AVAILABLE DATA Block Start
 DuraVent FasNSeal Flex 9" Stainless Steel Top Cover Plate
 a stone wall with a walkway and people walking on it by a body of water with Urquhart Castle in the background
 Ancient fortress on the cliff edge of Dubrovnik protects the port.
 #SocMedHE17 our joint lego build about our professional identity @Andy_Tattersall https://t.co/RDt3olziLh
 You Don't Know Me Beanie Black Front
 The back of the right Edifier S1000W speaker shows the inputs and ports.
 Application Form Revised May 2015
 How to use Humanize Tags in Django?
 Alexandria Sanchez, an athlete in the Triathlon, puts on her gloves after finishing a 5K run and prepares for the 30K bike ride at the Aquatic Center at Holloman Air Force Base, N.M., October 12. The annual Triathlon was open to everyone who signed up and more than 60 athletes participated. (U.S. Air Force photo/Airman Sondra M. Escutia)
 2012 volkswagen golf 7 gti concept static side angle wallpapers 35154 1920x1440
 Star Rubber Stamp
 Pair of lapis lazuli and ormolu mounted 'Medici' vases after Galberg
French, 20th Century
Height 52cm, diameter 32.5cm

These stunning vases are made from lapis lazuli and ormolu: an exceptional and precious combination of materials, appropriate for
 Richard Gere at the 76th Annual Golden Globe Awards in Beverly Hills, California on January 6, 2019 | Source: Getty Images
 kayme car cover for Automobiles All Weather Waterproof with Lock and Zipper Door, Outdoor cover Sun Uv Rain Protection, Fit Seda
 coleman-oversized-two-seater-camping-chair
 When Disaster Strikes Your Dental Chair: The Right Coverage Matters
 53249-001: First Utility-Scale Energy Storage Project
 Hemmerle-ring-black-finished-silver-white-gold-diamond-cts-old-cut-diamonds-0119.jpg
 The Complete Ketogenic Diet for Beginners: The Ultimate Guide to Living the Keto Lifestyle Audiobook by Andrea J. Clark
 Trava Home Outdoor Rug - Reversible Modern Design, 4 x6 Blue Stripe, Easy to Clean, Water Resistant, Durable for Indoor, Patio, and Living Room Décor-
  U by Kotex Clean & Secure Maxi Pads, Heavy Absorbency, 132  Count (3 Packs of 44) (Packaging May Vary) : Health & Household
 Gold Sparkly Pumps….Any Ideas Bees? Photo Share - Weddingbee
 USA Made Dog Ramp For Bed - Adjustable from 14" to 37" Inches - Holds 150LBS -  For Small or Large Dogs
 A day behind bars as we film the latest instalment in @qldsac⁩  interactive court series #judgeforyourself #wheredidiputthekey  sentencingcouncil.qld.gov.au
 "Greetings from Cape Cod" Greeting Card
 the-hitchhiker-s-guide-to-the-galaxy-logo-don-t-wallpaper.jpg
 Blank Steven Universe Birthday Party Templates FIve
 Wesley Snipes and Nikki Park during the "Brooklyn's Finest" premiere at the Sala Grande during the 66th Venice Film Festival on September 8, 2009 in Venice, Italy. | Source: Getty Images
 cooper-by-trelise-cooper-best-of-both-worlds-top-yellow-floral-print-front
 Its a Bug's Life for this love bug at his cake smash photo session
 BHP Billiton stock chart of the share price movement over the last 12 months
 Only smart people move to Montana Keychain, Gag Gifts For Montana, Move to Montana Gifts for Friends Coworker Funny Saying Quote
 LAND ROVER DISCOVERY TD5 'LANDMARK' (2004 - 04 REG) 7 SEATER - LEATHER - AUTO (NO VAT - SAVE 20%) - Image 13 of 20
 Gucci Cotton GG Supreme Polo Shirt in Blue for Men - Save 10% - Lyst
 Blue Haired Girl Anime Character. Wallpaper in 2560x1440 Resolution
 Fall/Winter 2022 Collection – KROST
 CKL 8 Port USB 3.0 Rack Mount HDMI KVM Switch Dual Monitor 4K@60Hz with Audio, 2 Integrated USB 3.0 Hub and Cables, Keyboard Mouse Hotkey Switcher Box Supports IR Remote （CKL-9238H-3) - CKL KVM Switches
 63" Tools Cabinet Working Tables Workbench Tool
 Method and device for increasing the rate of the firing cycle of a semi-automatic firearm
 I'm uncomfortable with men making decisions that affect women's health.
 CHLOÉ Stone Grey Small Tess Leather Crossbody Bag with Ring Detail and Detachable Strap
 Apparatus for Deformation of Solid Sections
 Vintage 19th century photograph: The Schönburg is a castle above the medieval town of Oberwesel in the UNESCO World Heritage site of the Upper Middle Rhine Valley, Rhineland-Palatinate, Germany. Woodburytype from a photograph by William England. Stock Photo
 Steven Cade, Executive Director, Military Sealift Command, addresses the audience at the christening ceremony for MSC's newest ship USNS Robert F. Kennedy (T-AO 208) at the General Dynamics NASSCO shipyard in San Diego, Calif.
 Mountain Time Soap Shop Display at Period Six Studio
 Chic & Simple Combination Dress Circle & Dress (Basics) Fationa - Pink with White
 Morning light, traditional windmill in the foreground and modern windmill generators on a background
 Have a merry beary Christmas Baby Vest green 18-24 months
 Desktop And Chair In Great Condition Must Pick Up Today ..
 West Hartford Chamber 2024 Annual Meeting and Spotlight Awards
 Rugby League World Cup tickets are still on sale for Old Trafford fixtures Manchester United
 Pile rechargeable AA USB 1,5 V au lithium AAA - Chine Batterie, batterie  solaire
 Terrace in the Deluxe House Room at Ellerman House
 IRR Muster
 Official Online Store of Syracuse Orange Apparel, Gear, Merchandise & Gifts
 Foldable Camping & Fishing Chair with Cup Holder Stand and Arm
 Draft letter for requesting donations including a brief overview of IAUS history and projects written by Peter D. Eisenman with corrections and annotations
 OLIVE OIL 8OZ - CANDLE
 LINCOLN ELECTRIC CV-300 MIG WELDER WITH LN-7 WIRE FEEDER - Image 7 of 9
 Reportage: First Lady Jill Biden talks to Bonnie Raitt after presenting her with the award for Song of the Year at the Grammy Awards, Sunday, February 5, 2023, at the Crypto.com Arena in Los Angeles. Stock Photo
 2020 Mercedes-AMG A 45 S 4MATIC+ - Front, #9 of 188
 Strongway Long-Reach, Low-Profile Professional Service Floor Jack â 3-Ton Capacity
AVAILABLE DATA Block End
> WHAT IS REQUIRED
Say how many lines in the entries contain the string "Gifts". Nothing else belongs in the reply.

> SOLUTION TO THE EXERCISE
2